The KKK • The Ku Klux Klan worked to keep African Americans and white Republicans out of office. • Originally formed as a political group. • Dressed in white robes and hoods to hide their identities. • Burned crosses and shouted threats, sometimes turned to violence – lynching • Many moderate southerners did not approve of the Klan but there was little they could do to stop them. • In 1870, Congress made it a crime to use force to keep people from voting (Enforcement Acts)
Harper's Weekly cartoon by Thomas Nast depicting the plight of African Americans in the Reconstruction South
Challenge of Rebuilding • Built schools for both white and black children • Built railroads, telegraph lines, bridges, and roads • Southerners had to pay high taxes and many of them were upset. • Some of the governments were corrupt as well.

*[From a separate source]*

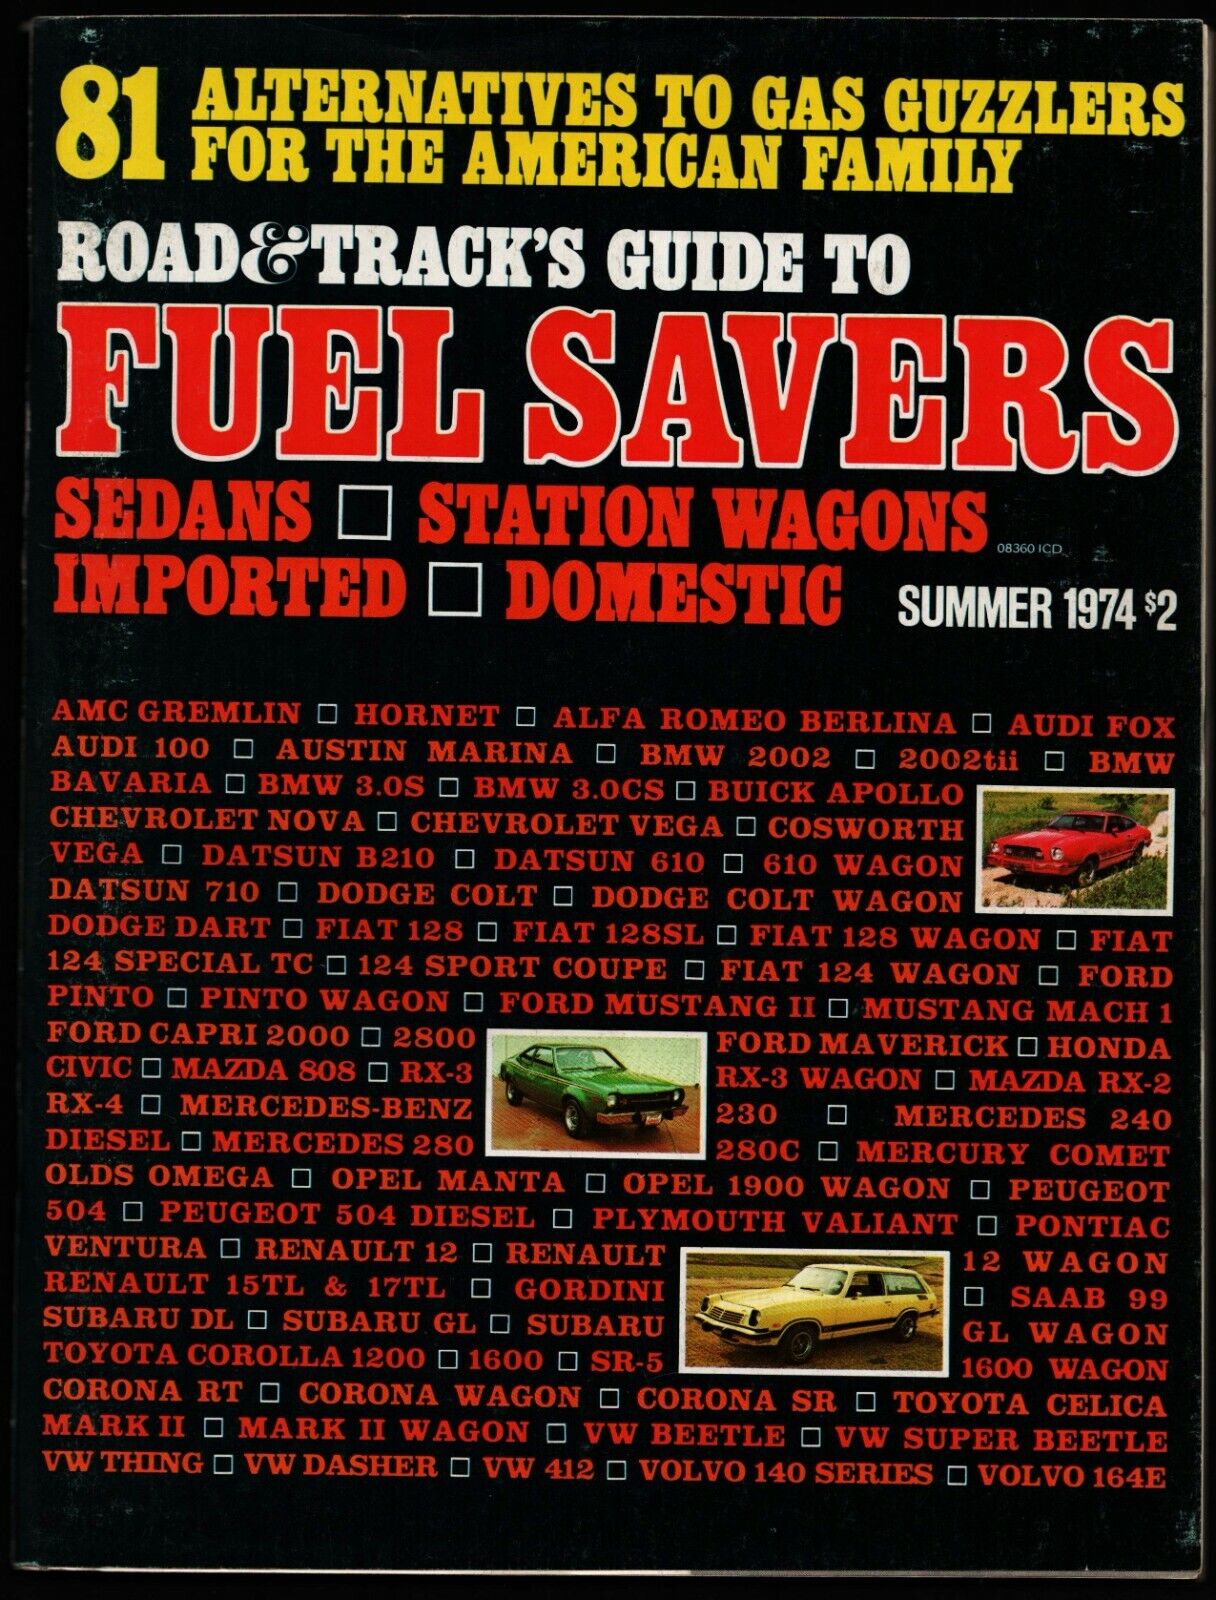 SUMMER 1974 ROAD & TRACK MAGAZINE GUIDE TO FUEL SAVERS, GREMLIN, HORNET
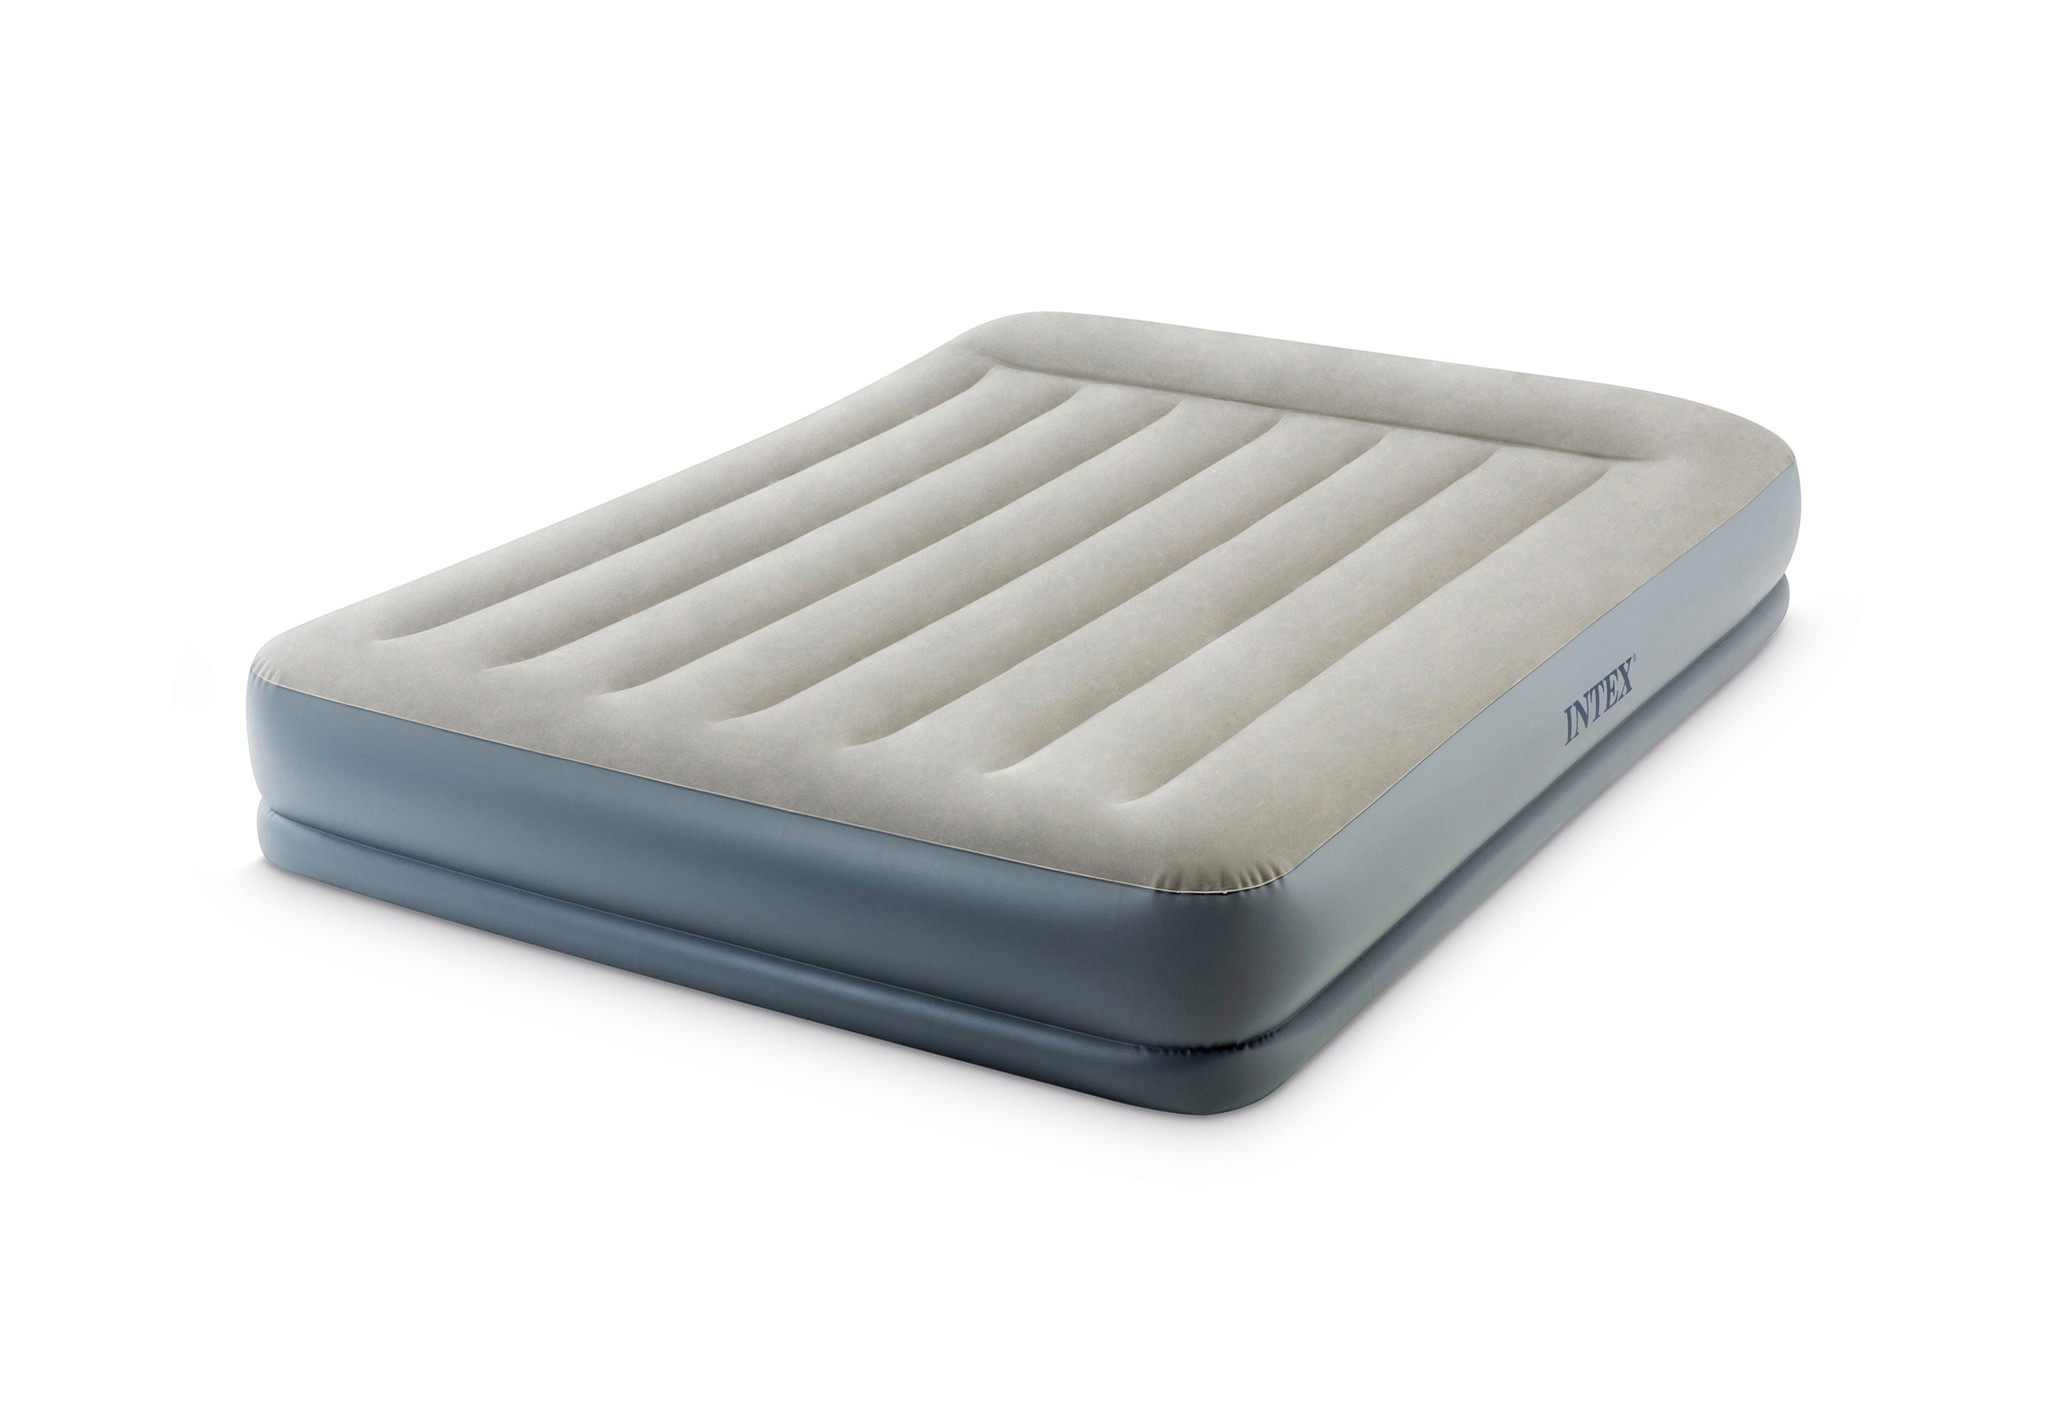 Intex Queen Pillow Rest Mid-Rise - 2 persoons - cm | Luchtbedshop.com

Cycle of Poverty • Some Radical Republicans wanted to give freedmen “40 acres and a mule”, but all they got was freedom. • Most were not able to afford their own land and became sharecroppers. • Sharecroppers – rented and farmed a plot of land. Planters provided seed, fertilizer, and tools in return for a share of the crop at harvest time. • Most ended up in debt
Questions to Consider • If you were an African American at the time of the formation of the KKK, would you have voted? • Does racism exist in our society today? Where does it exist? • Provide an example of racism that you’ve seen, experienced, or heard about.